Please give the whole listing again word for word, and drop any pictures it holds.

---------- Supplied data ----------

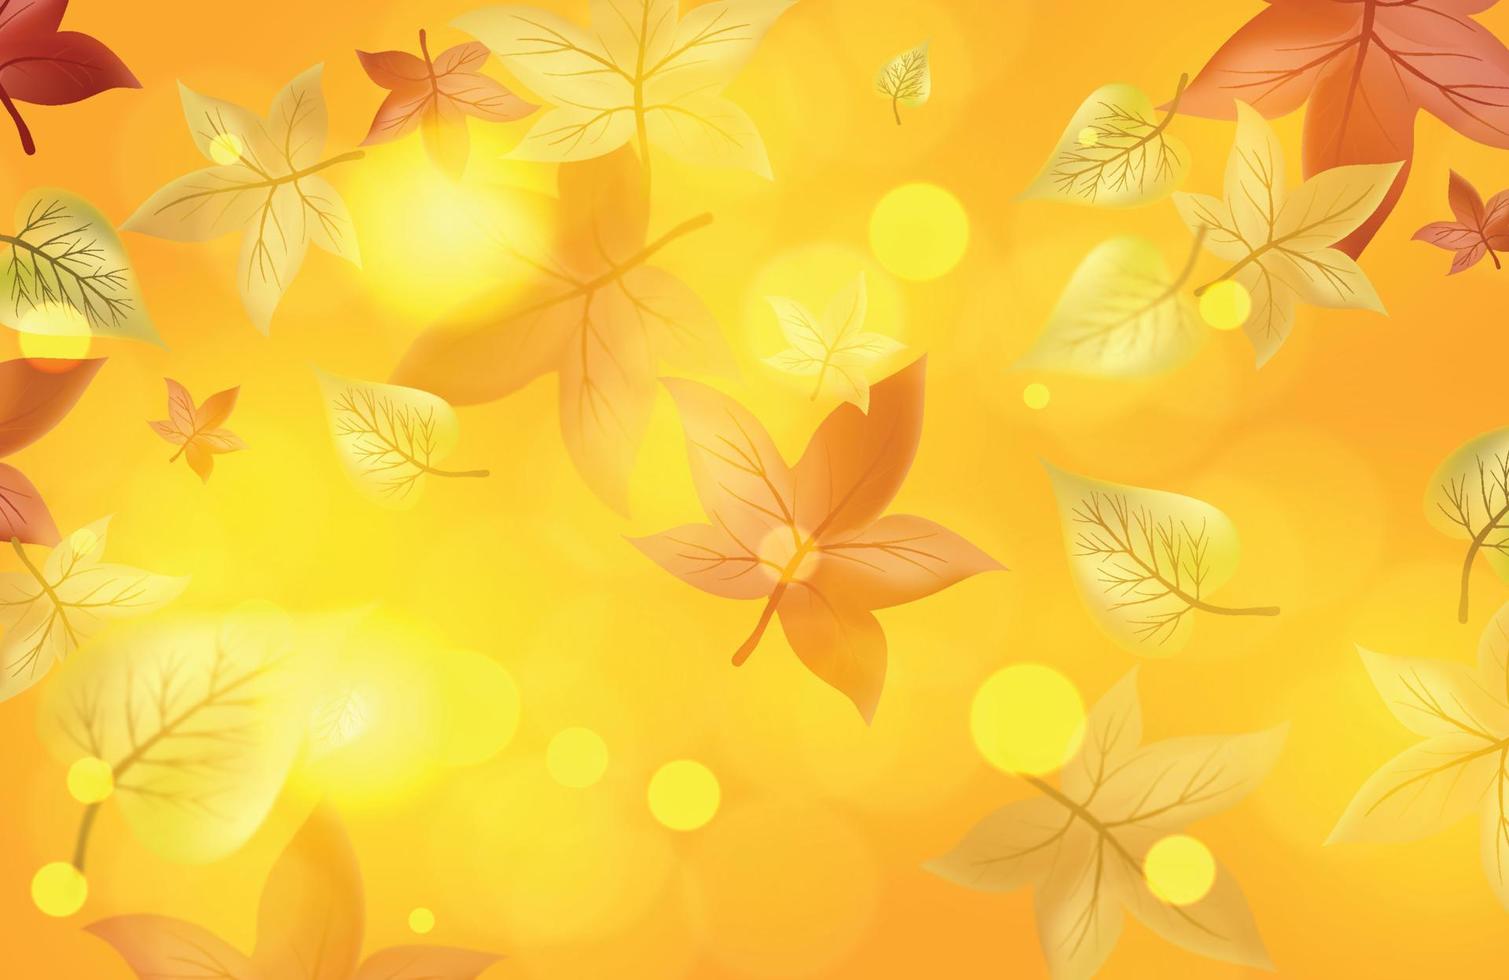 Autumn background with yellow leaves vector
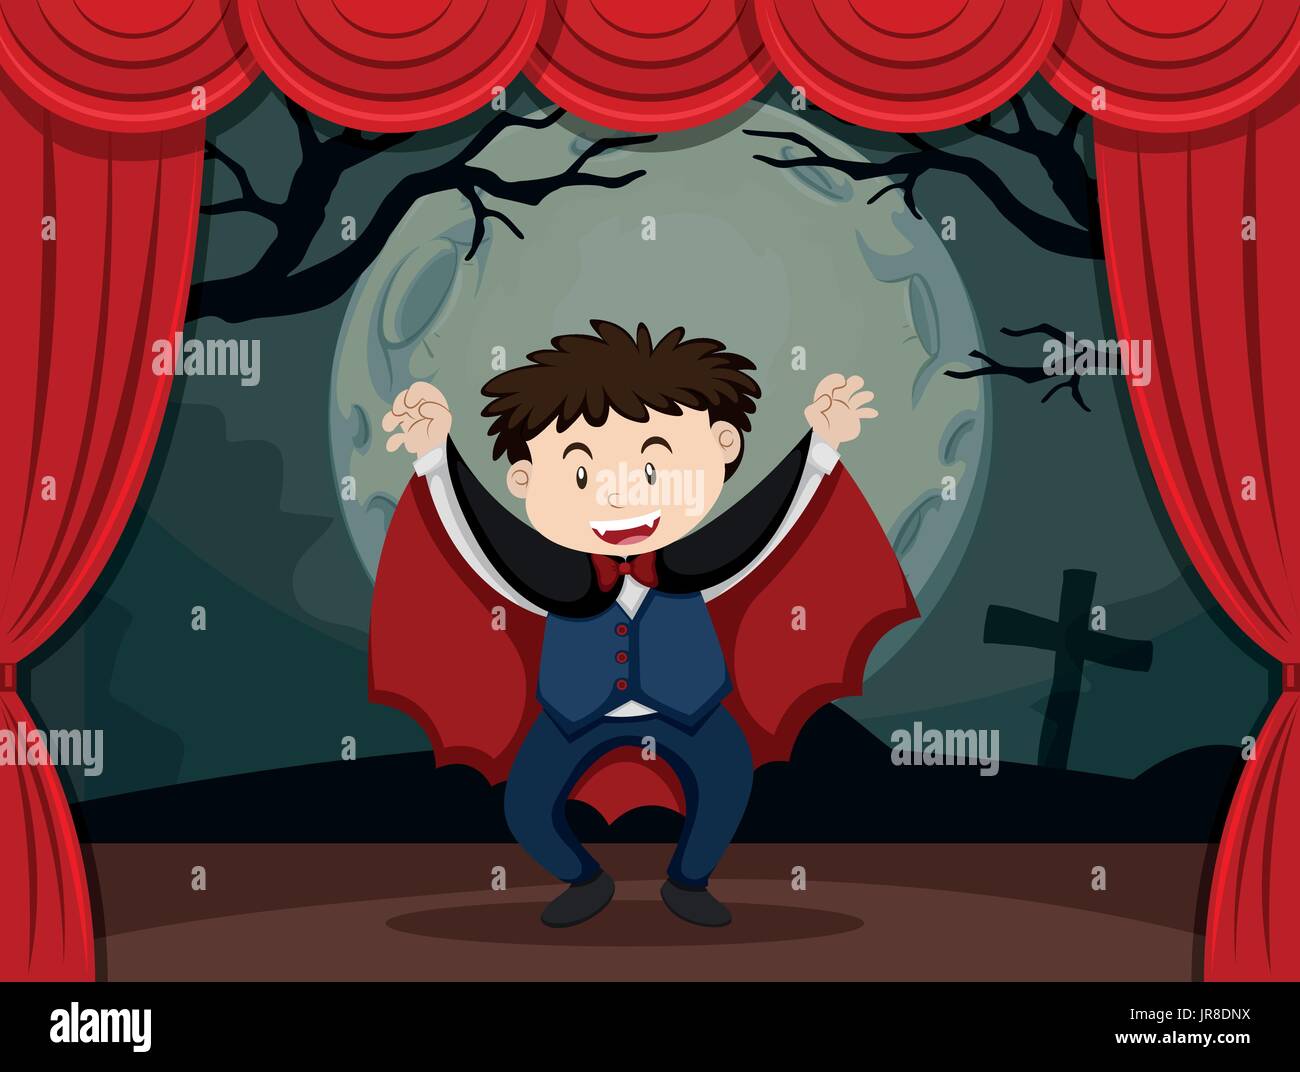 Stage play with boy in vampire costume illustration Stock Vector
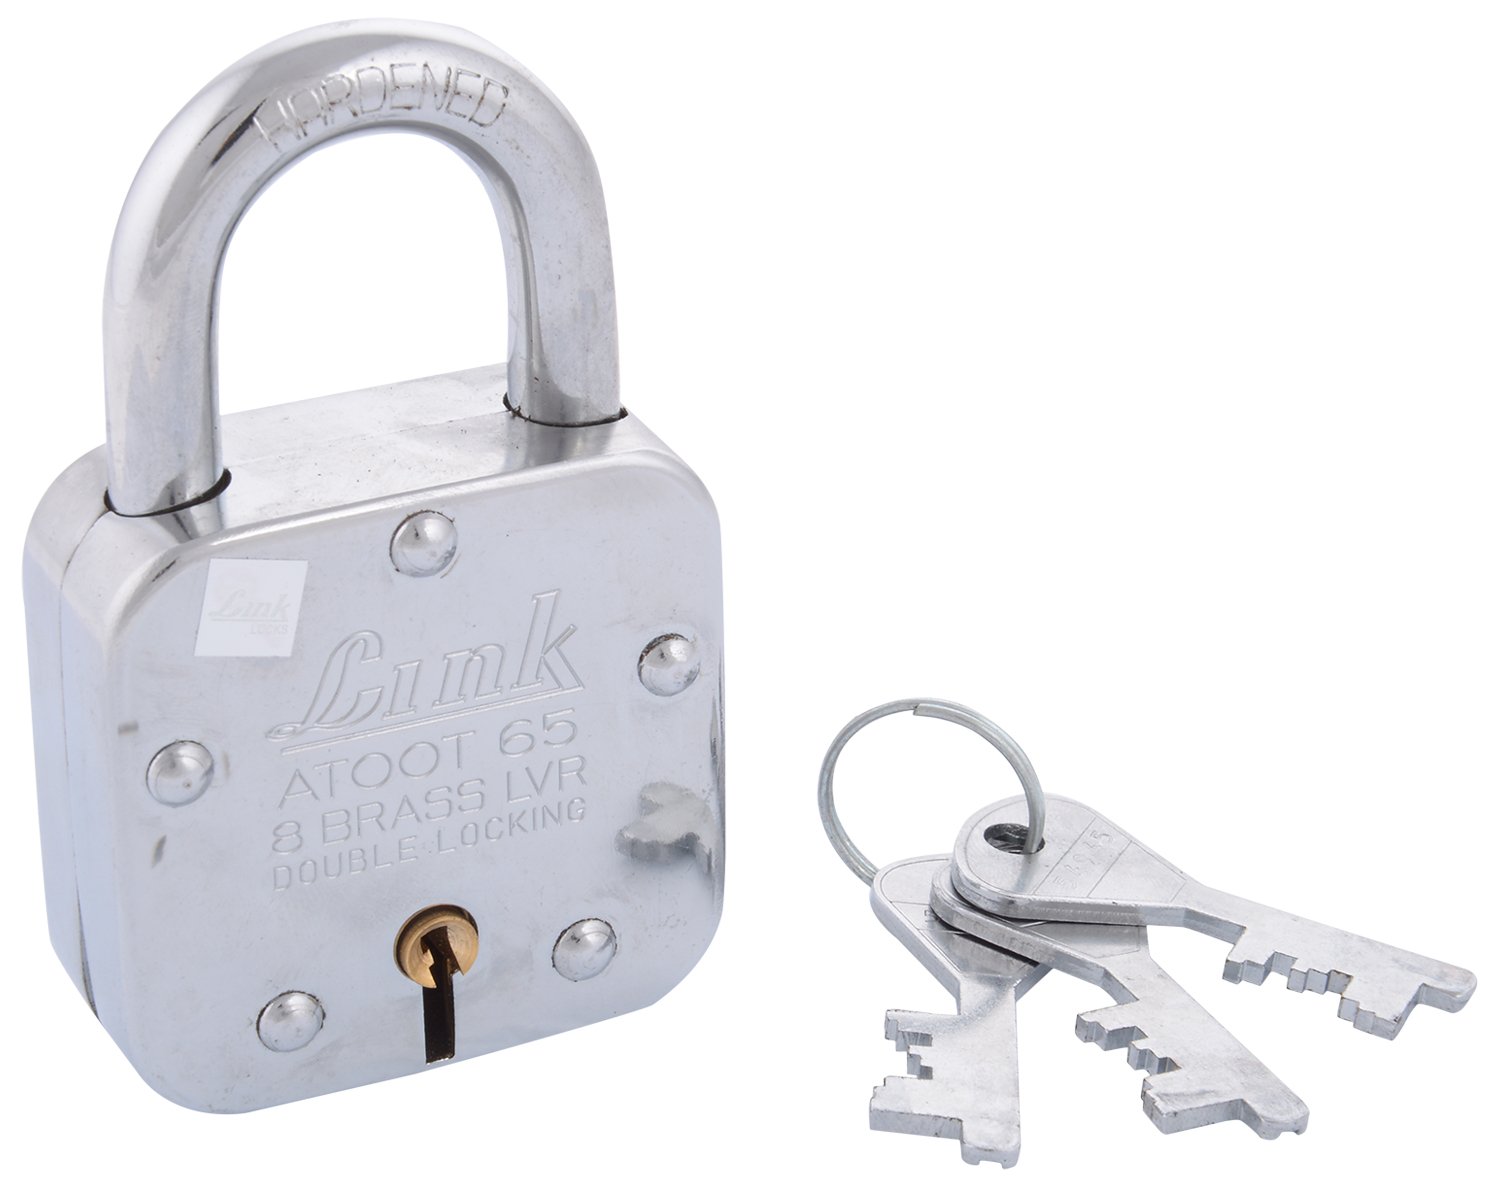 Link PAD LOCK PT Series PT 60 in Vellore at best price by Key World -  Justdial
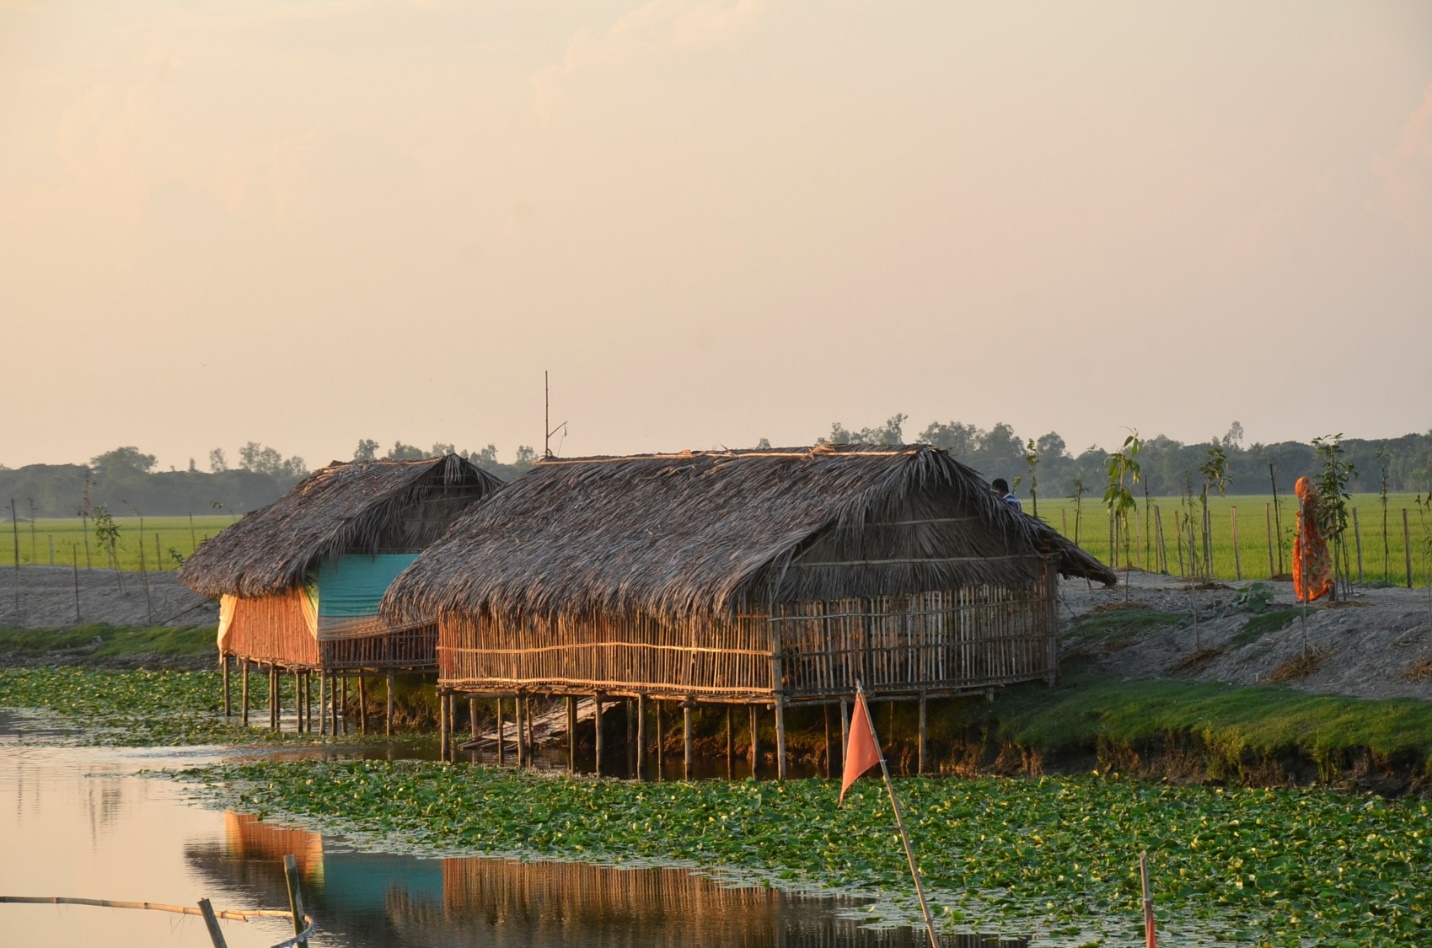 Two bamboo structures on stilts above a full river with green growth along the banks and sides

----------

**Task response:**
 Autumn background with yellow leaves vector
 Stage play with boy in vampire costume illustration Stock Vector
 Link PAD LOCK PT Series PT 60 in Vellore at best price by Key World -  Justdial
 Two bamboo structures on stilts above a full river with green growth along the banks and sides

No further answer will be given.